Distance score distributions of morphs of arbitrary subjects (left) and of subjects selected on their resemblance (right). The distance scores of the latter are much closer to those of bona fide images

7 The SOTAMD Benchmark

A very good attempt at creating a versatile benchmark for morphing attack detection methods was developed in the framework of the European SOTAMD (State Of The Art of Morphing attack Detection) project [14]. It includes morphed images created using 7 different morphing algorithms with various post-processing methods including manual post-processing for part of the dataset. In addition it includes printed and scanned bona fide and morphed images using several print and scan protocols. The subjects used to create morphs were selected based on various criteria including facial recognition scores and human observation. In [14] several morphing attack detection algorithms are tested. On the hardest tests, all these algorithms fail to provide acceptable results, which demonstrates the great challenge of reliable morphing attack detection.

8 Conclusion

Face morphing, the combination of two face images of distinct subjects into one image that resembles both subjects, poses a serious threat to face recognition.

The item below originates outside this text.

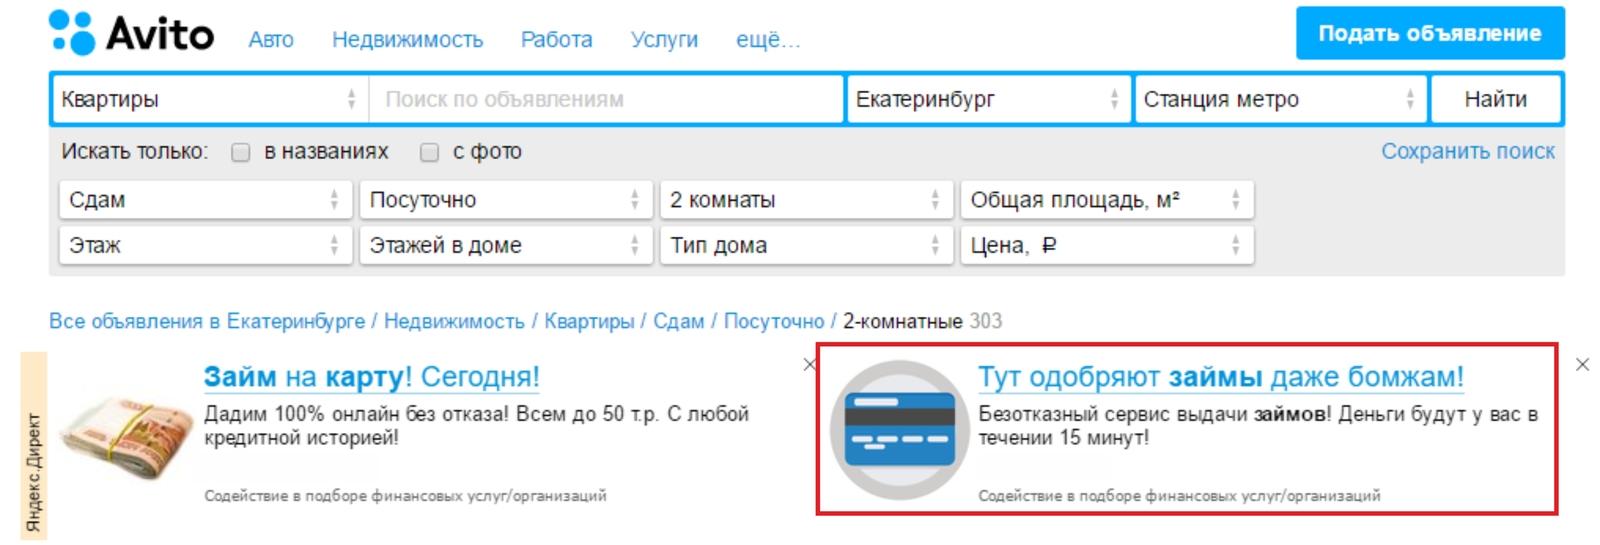 яндекс директ займы без отказа

In several publications it is claimed that reliable morphing attack detection is possible. We noticed that often morphing attack detection methods are developed and tested using a single dataset with morphed face images. In this chapter we show that this results in morphing attack detection that only works well for a single type of morph or dataset. Using a LBP/SVM based morphing attack detection method that performs well on a single dataset (around 2% EER), we show that for cross dataset testing, the performance collapses resulting in an EER as high as 80%. Experiments with mixed datasets suggest that morphing attack detection can be made more robust if trained on multiple datasets. In addition, we show that the morphing artifacts that are used as features for detection can be obscured by simple image manipulations like adding Gaussian noise or down-up scaling the morphed images. The EER for within dataset detection increased from below 5% to above 20% for adding noise and above 12% for down-up scaling. In both cases the manipulation was almost invisible to the human observer.

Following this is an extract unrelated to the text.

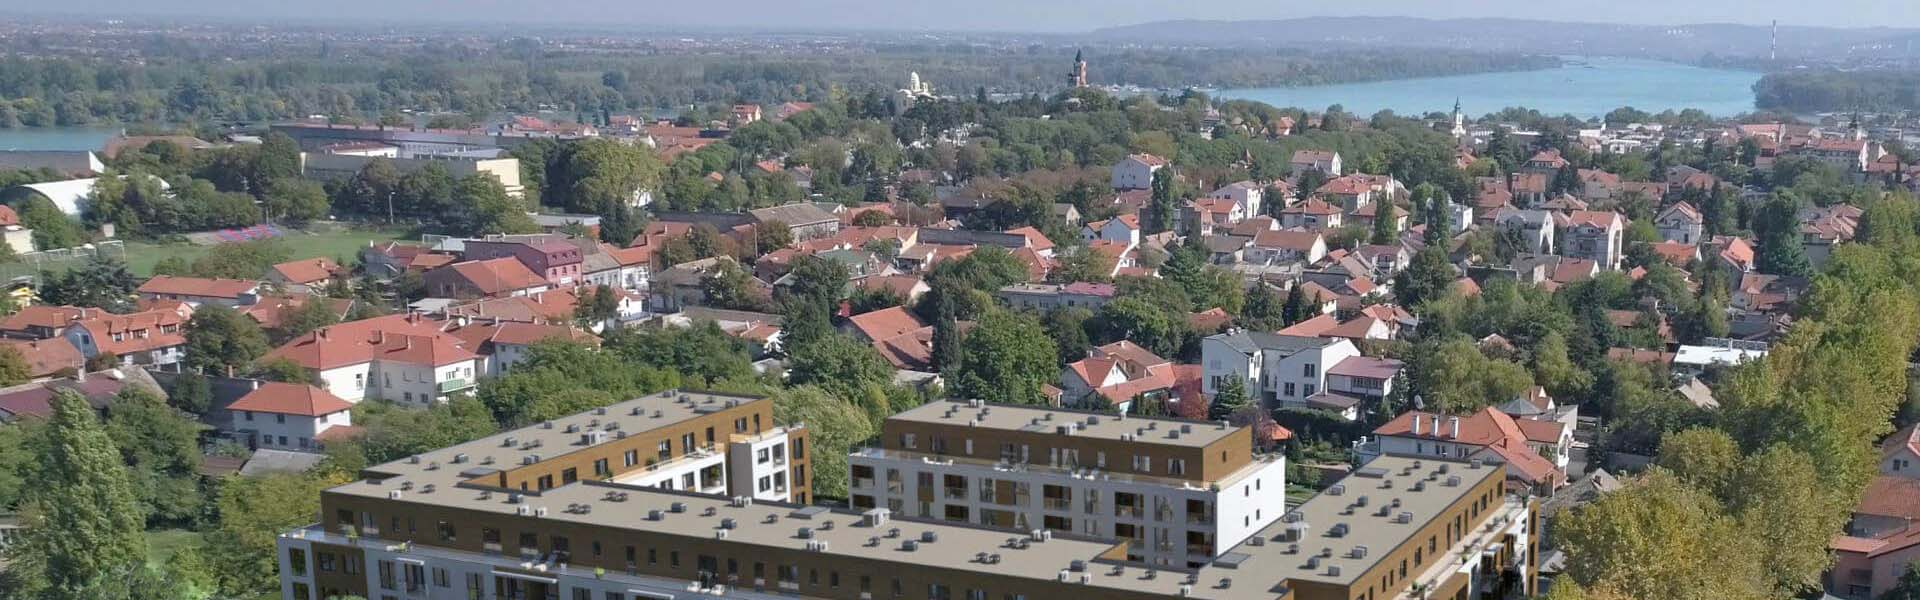 Dostava hrane Gornji grad | Beograd

We therefore argue that morphing attack detection methods should be tested extensively on multiple datasets obtained from different sources and morphing methods and a range of image manipulations. Furthermore, they should be tested on morphed face images that were created from similar subjects rather than arbitrary subjects and carefully post-processed in order to mimic a criminal’s best effort at creating high quality facial morphs.